───── GIVEN INFORMATION

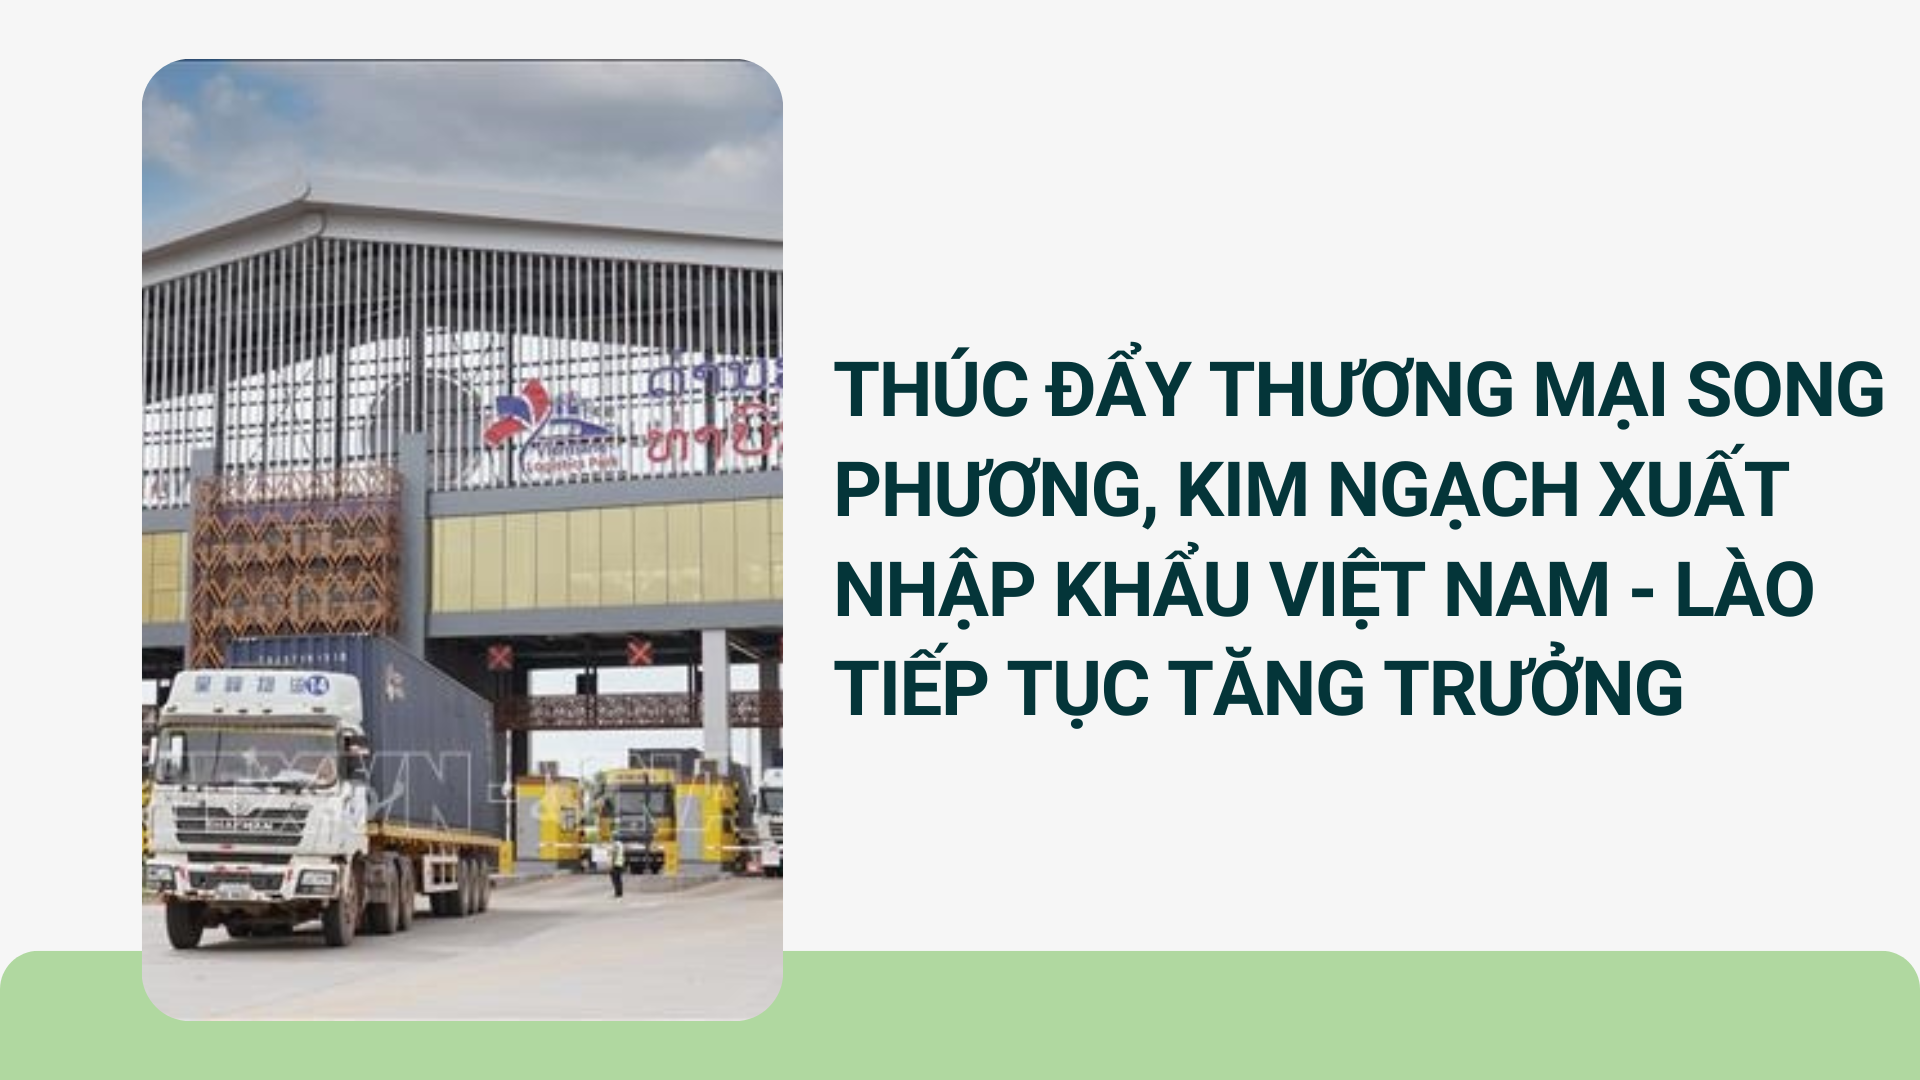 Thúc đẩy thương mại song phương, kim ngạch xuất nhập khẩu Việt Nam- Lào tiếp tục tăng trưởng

──────────
───── GIVEN INFORMATION

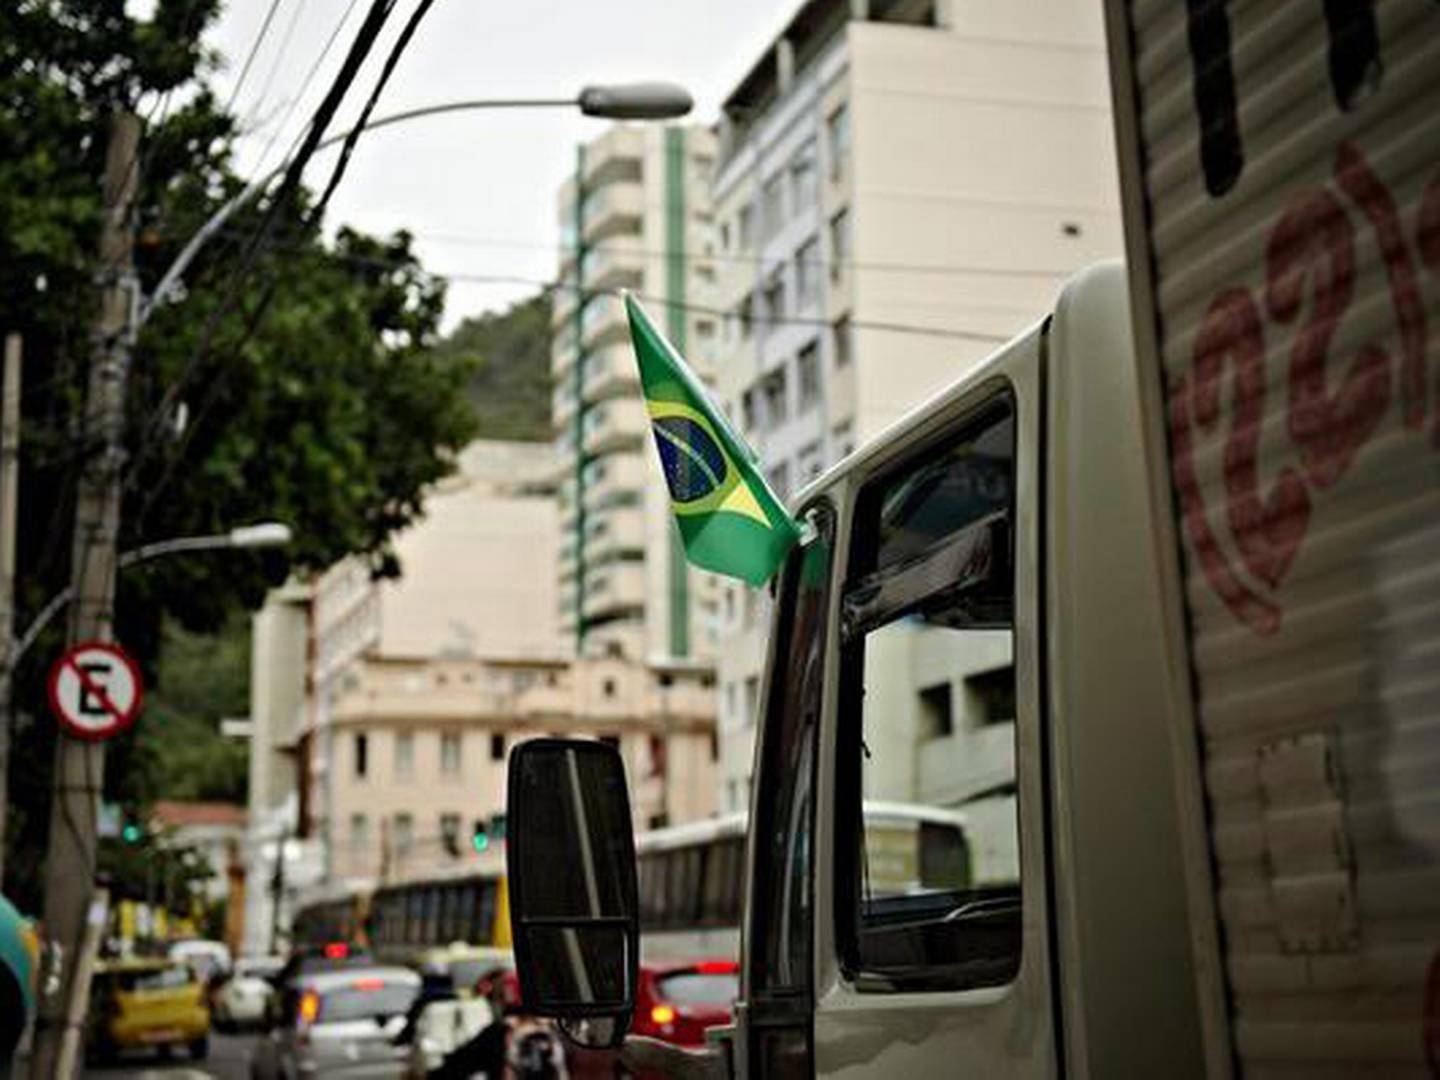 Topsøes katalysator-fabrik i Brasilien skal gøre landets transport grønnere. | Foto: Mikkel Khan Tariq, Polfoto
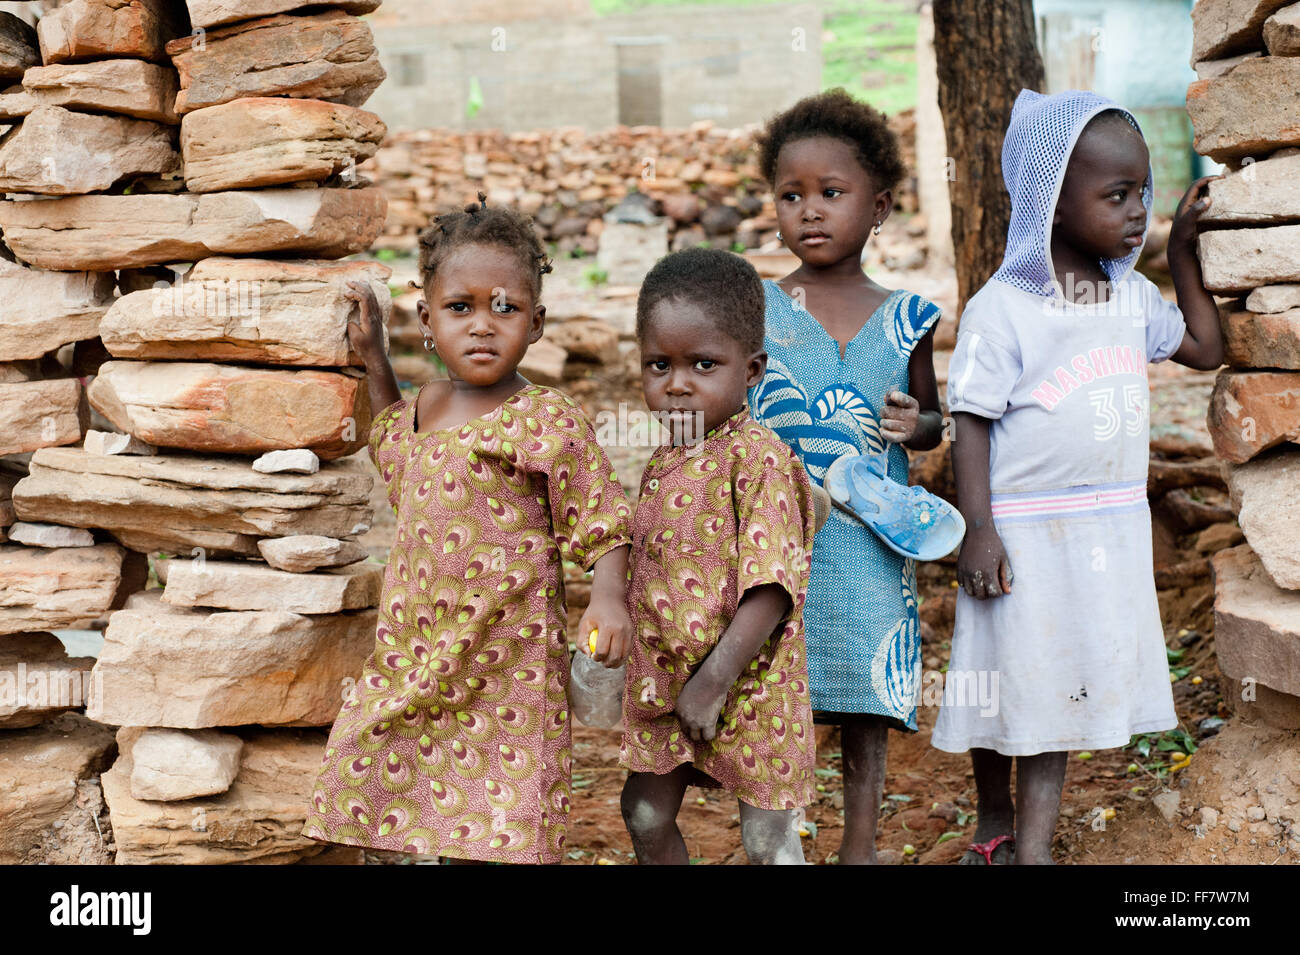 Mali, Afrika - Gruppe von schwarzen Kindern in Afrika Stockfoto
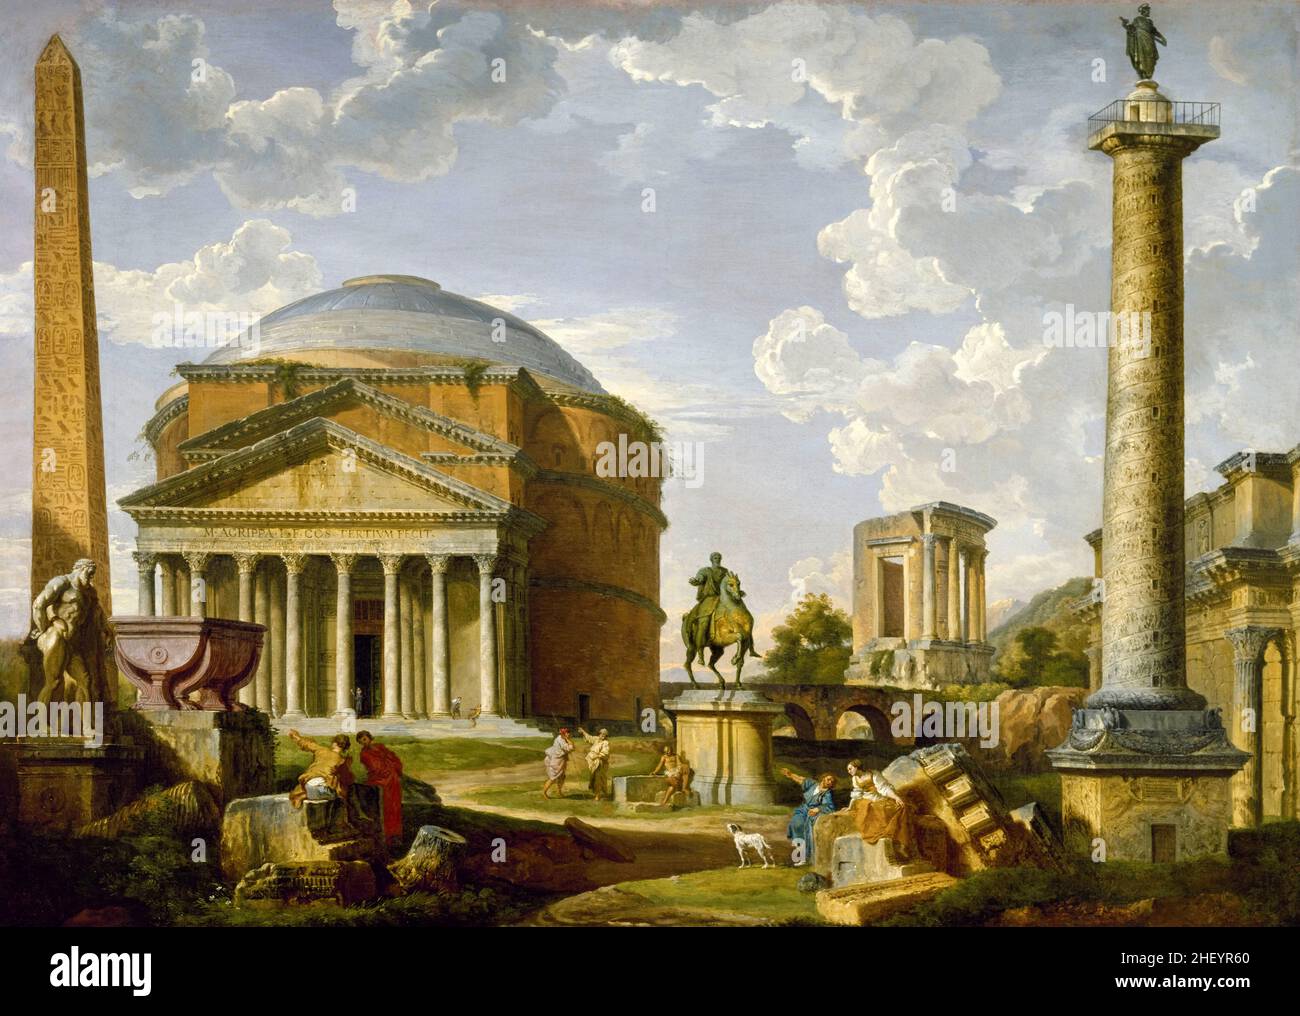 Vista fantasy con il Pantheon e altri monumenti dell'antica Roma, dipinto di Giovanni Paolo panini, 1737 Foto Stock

──────────

● TASK OBJECTIVE: Please repeat the lines of the material above exactly, starting with the line that contains "Mali, Afrika - Gruppe" and ending with the line that contains "Vista fantasy con". Leave the pictures out.

● SOLUTION:
 Mali, Afrika - Gruppe von schwarzen Kindern in Afrika Stockfoto
 Vista fantasy con il Pantheon e altri monumenti dell'antica Roma, dipinto di Giovanni Paolo panini, 1737 Foto Stock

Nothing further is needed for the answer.